Actually, yes. I have seen this specific industry mature from the very first fully automated note and kept tabs on it. The accuracy has increased massively and continues to increase due to several factors:
- Speech recognition and frontier models are continuing to get better at handling these types of conversations across accents, languages and specialties. The trend is obvious and clear here. Compare GPT 4 with Opus 4.7 and there is no contest. I'd even take GPT 5.4 nano over GPT 4 right now. So, yeah, they have been improving and, yeah, they will keep on improving.

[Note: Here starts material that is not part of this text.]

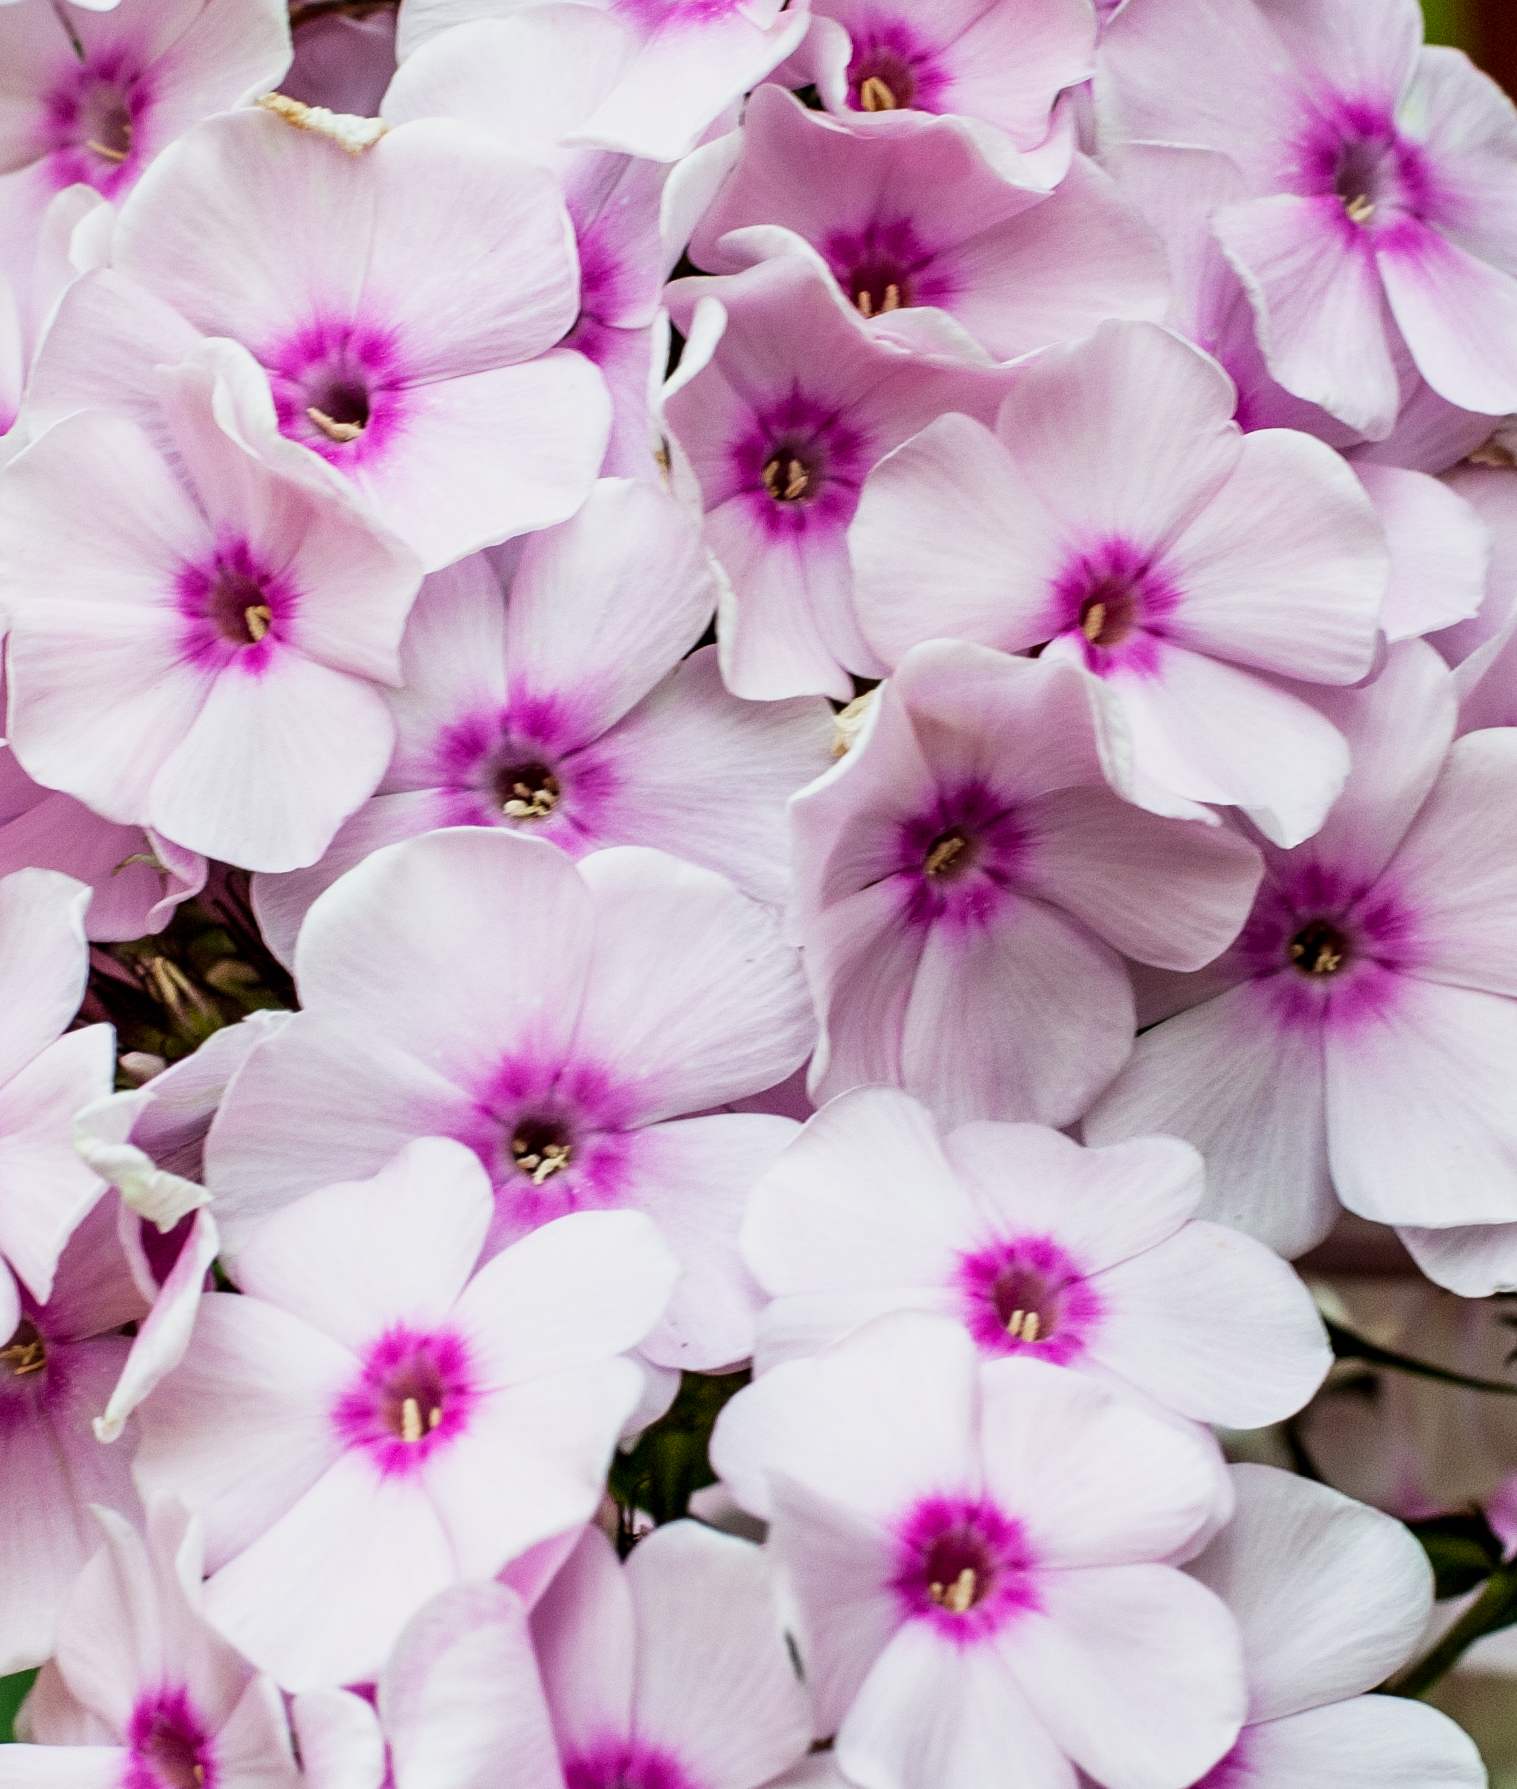 pale purple flowers with darker purple-pink centers

- The pipelines these models are being built into are getting much more sophisticated than just 'transcribe with x and have GPT XX clean it up'. The people building these things aren't standing still. Even if they did keep using the same models the pipeline improvements would make things get better over time. Add that in with the model improvements and the gains are even greater.
- The companies doing this work are seeing more and more edge cases. Data matters. More and more practitioners are using these things. That means more to learn from. It also means more stories of things being wrong. If you cut your error rate in half but increase your customer base by 10x then you will be hearing about 5x the problems. We are seeing that right now.
- Providers are starting to adjust to the technology (repeat areas they know may cause trouble, adjust their audio setups, etc etc) Just like any technology both sides shift and it matters. The first users were champions. The second wave were mixed between champions, haters and people that didn't care yet. Now people are really starting to count on this technology. They know it isn't a fad and isn't going away and are actually using it day to day to get their work done. This means they are adjusting to it as needed to get to the next patient/note/etc.
This stuff is just a few years old and the gains are obvious and massive. They aren't going to suddenly stop improving. There is an argument that they will asymptotically approach some level of utility, but we are still gaining quickly right now.
60% is a normal human mistake rate? You can't be serious.